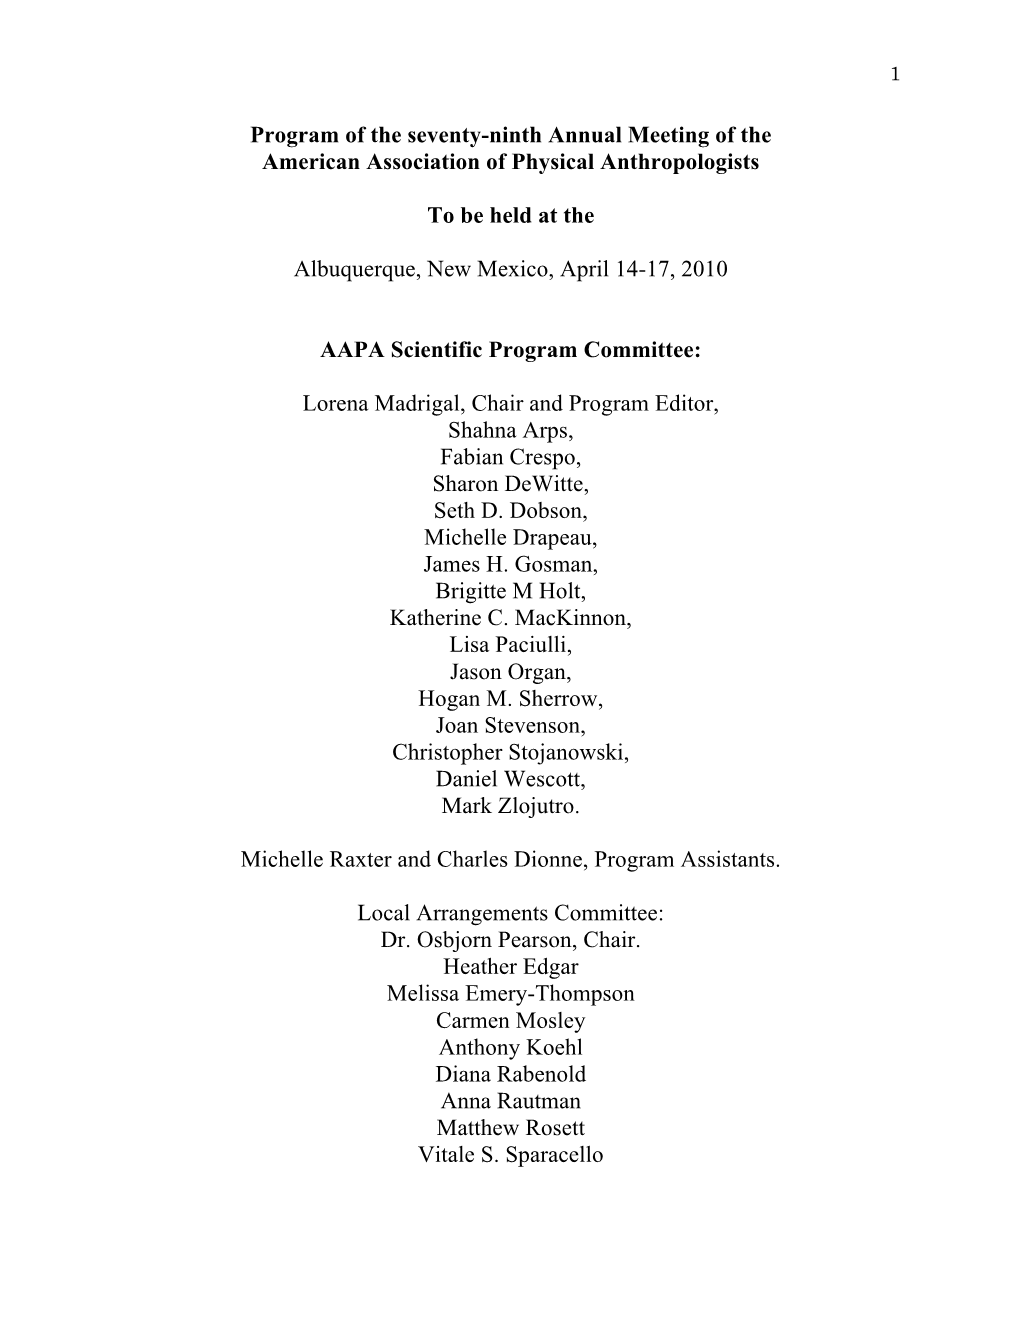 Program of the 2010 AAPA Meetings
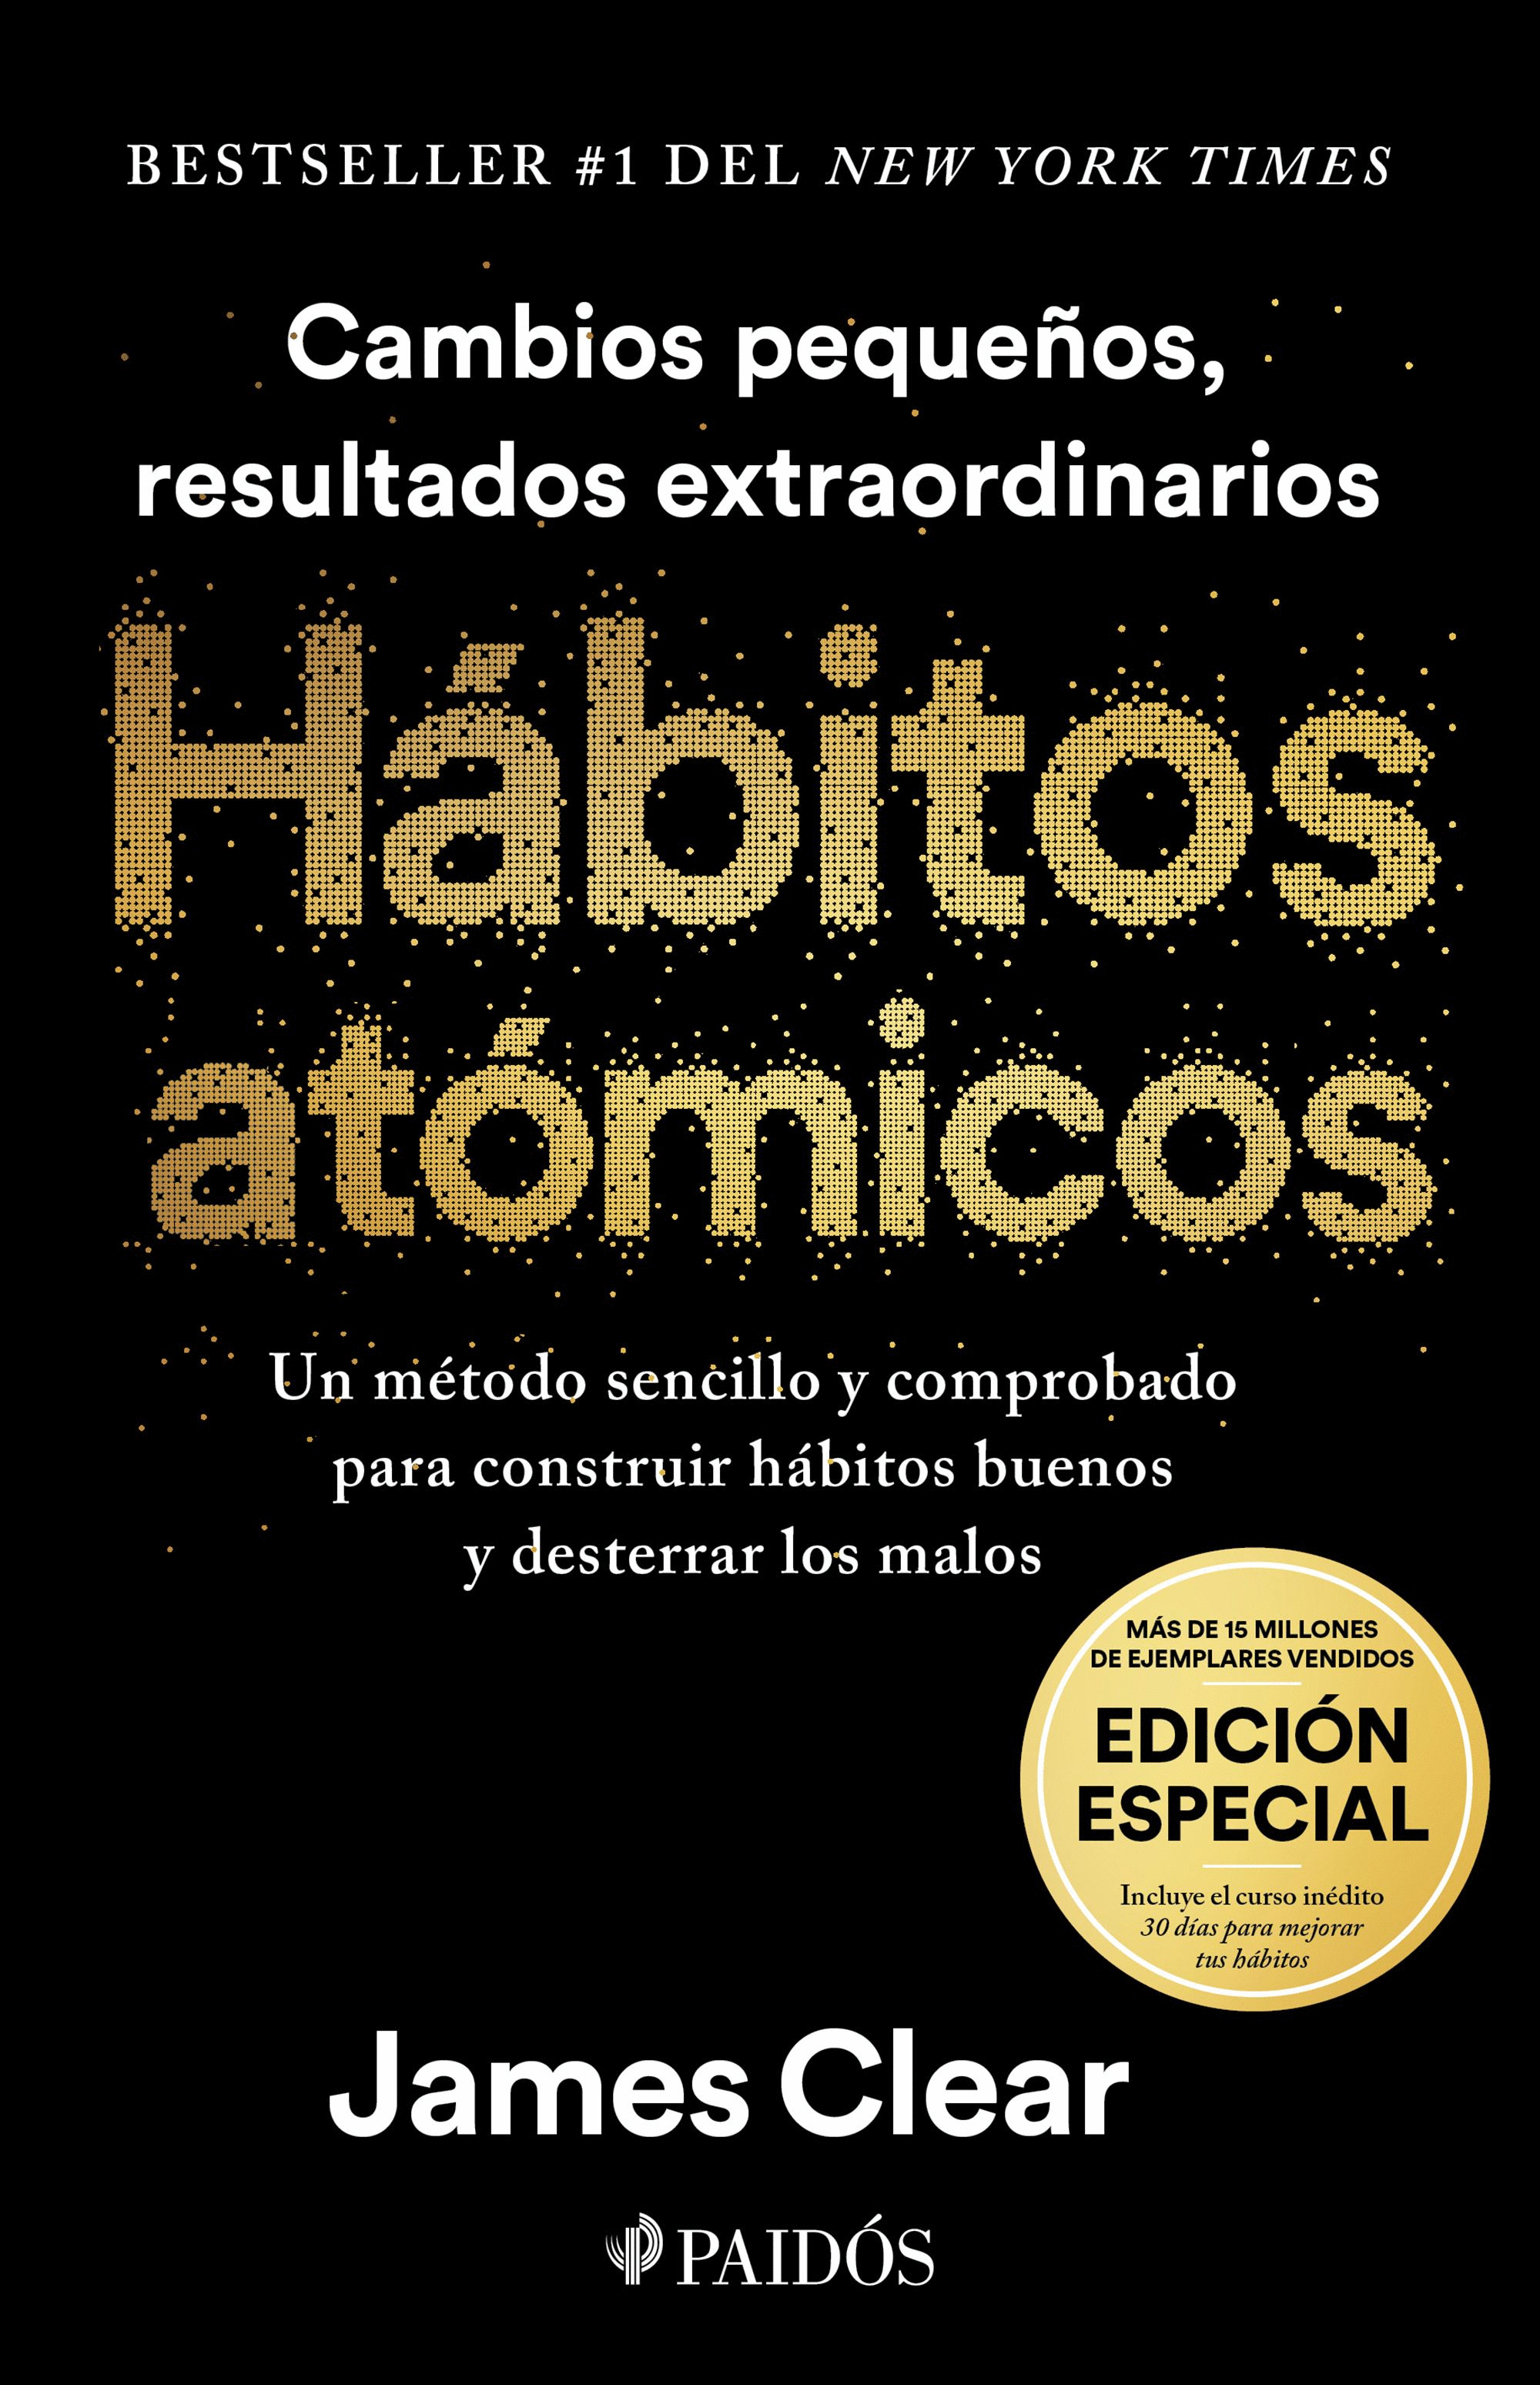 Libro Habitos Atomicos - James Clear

*-*-*

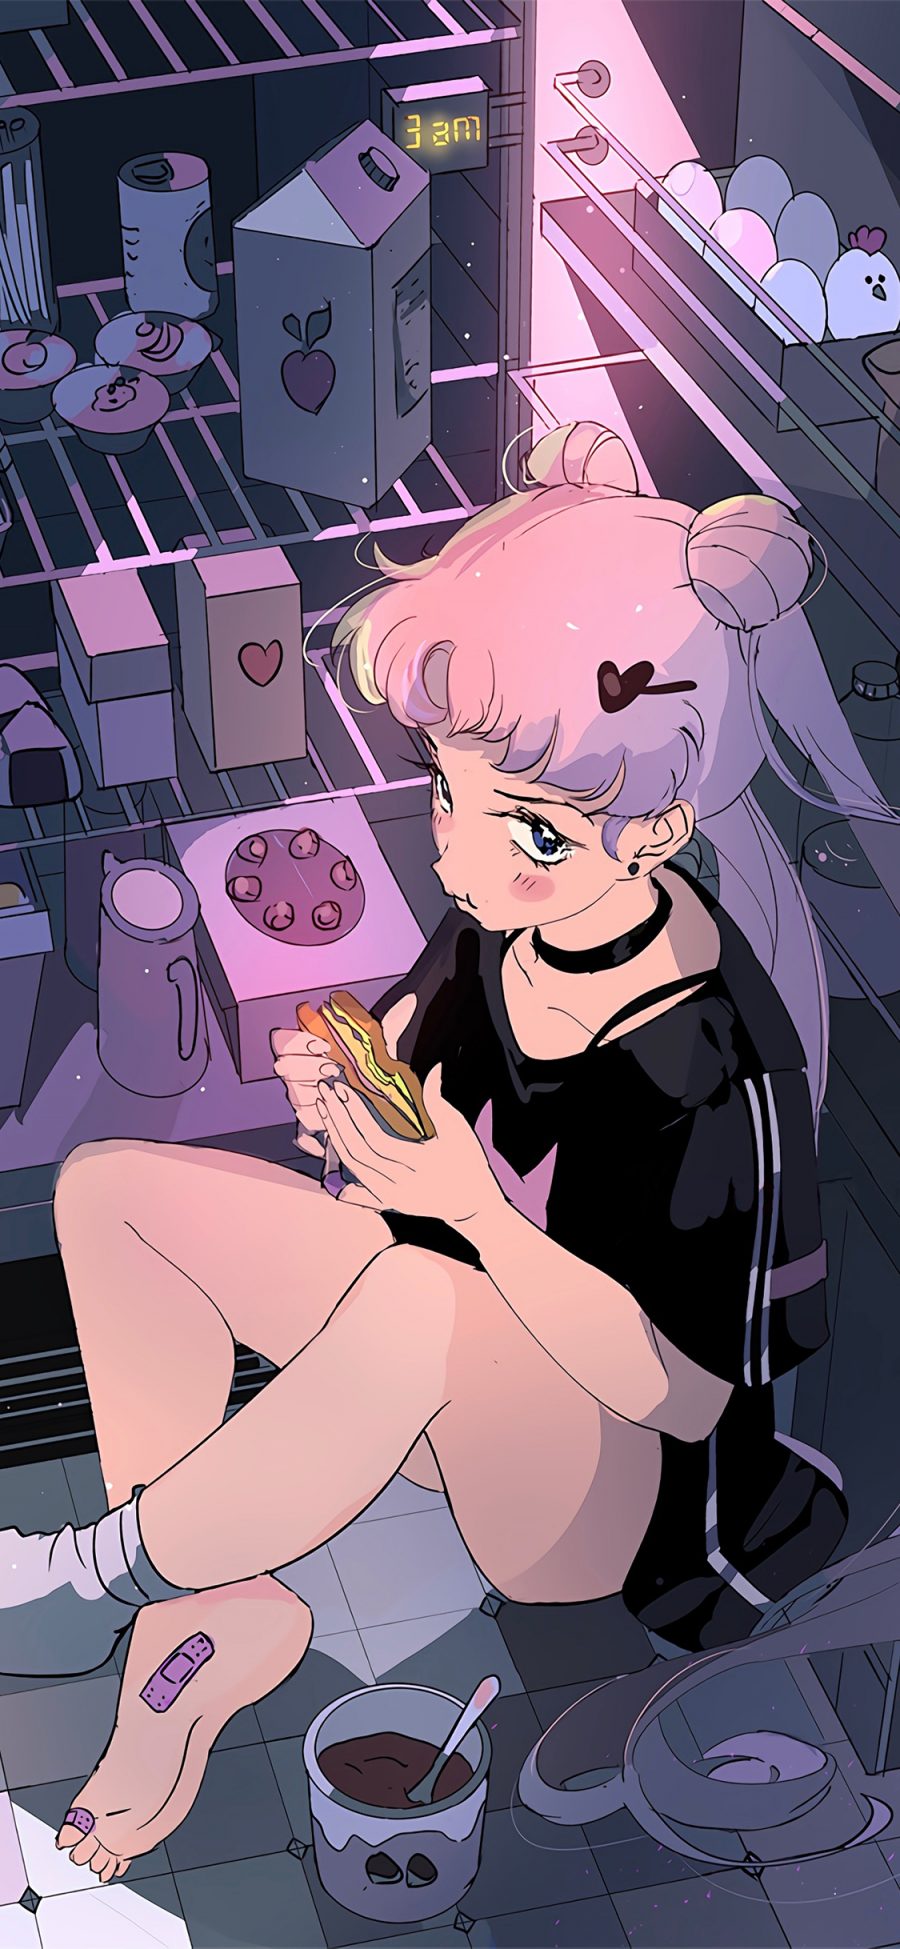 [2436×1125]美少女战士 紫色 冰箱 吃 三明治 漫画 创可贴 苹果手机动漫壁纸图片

*-*-*

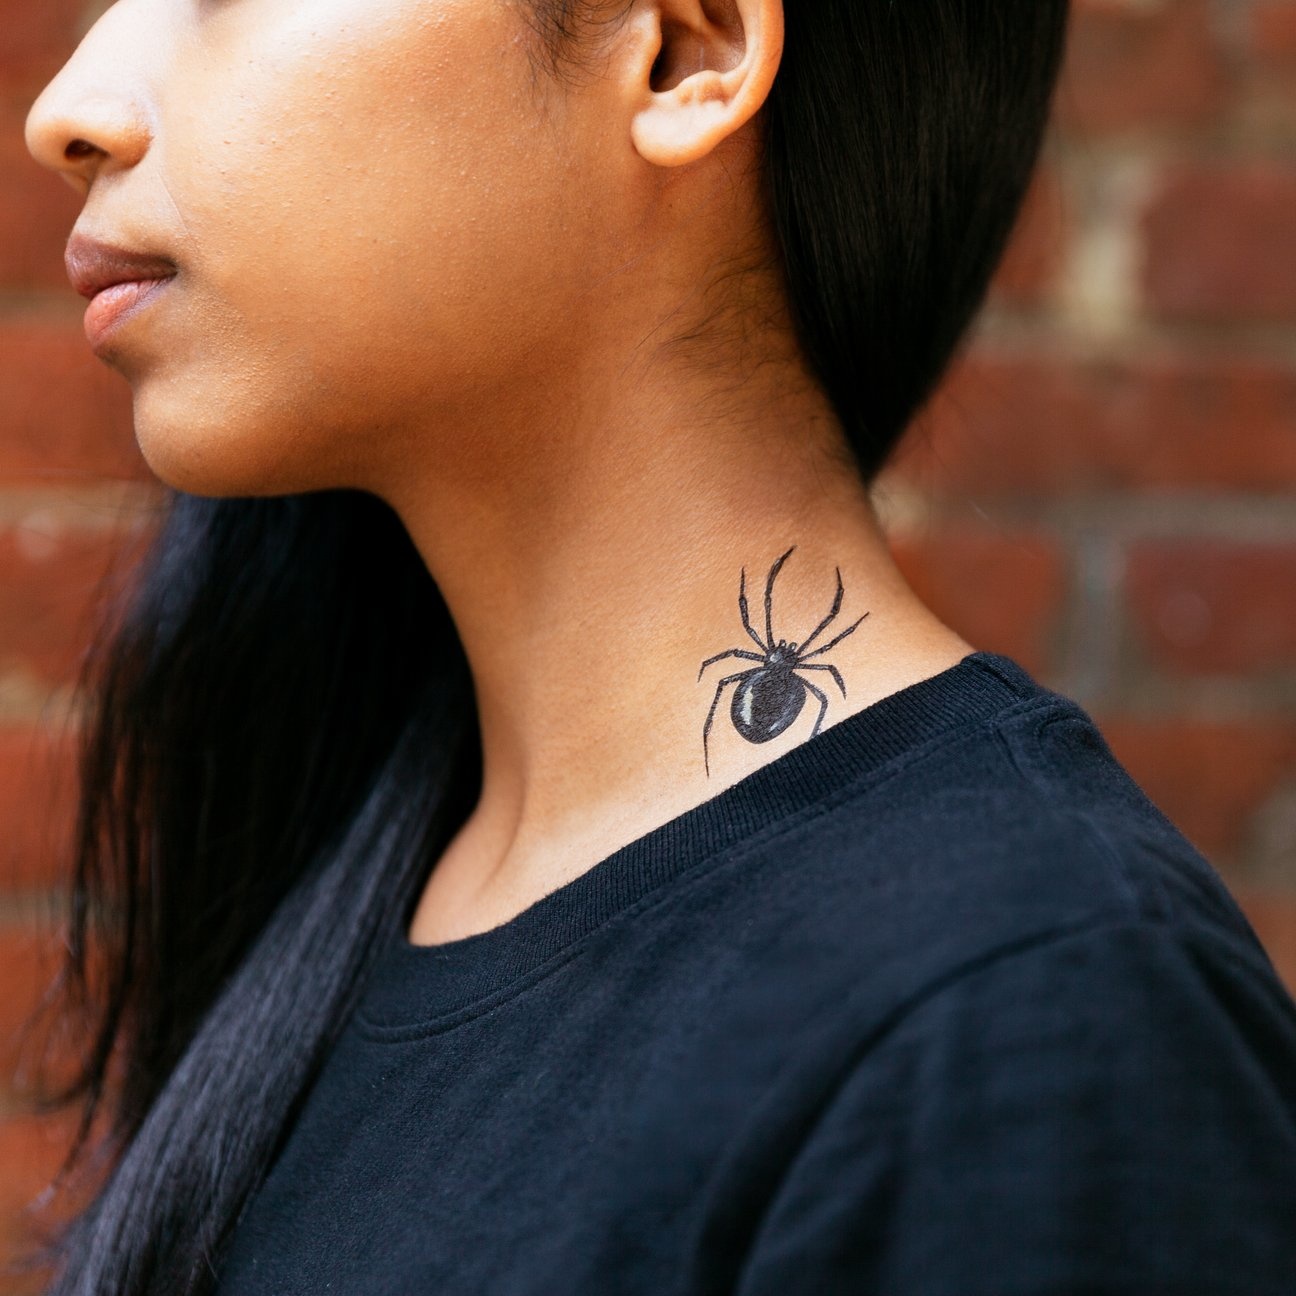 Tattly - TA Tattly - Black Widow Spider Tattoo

*-*-*

— THE TASK —
Using the data above, retype exactly the lines from the line with "Program of the 2010 AAPA Meetings" to the line with "Libro Habitos Atomicos - James Clear", inclusive. No pictures and nothing else.

— TASK RESPONSE —
 Program of the 2010 AAPA Meetings
 Libro Habitos Atomicos - James Clear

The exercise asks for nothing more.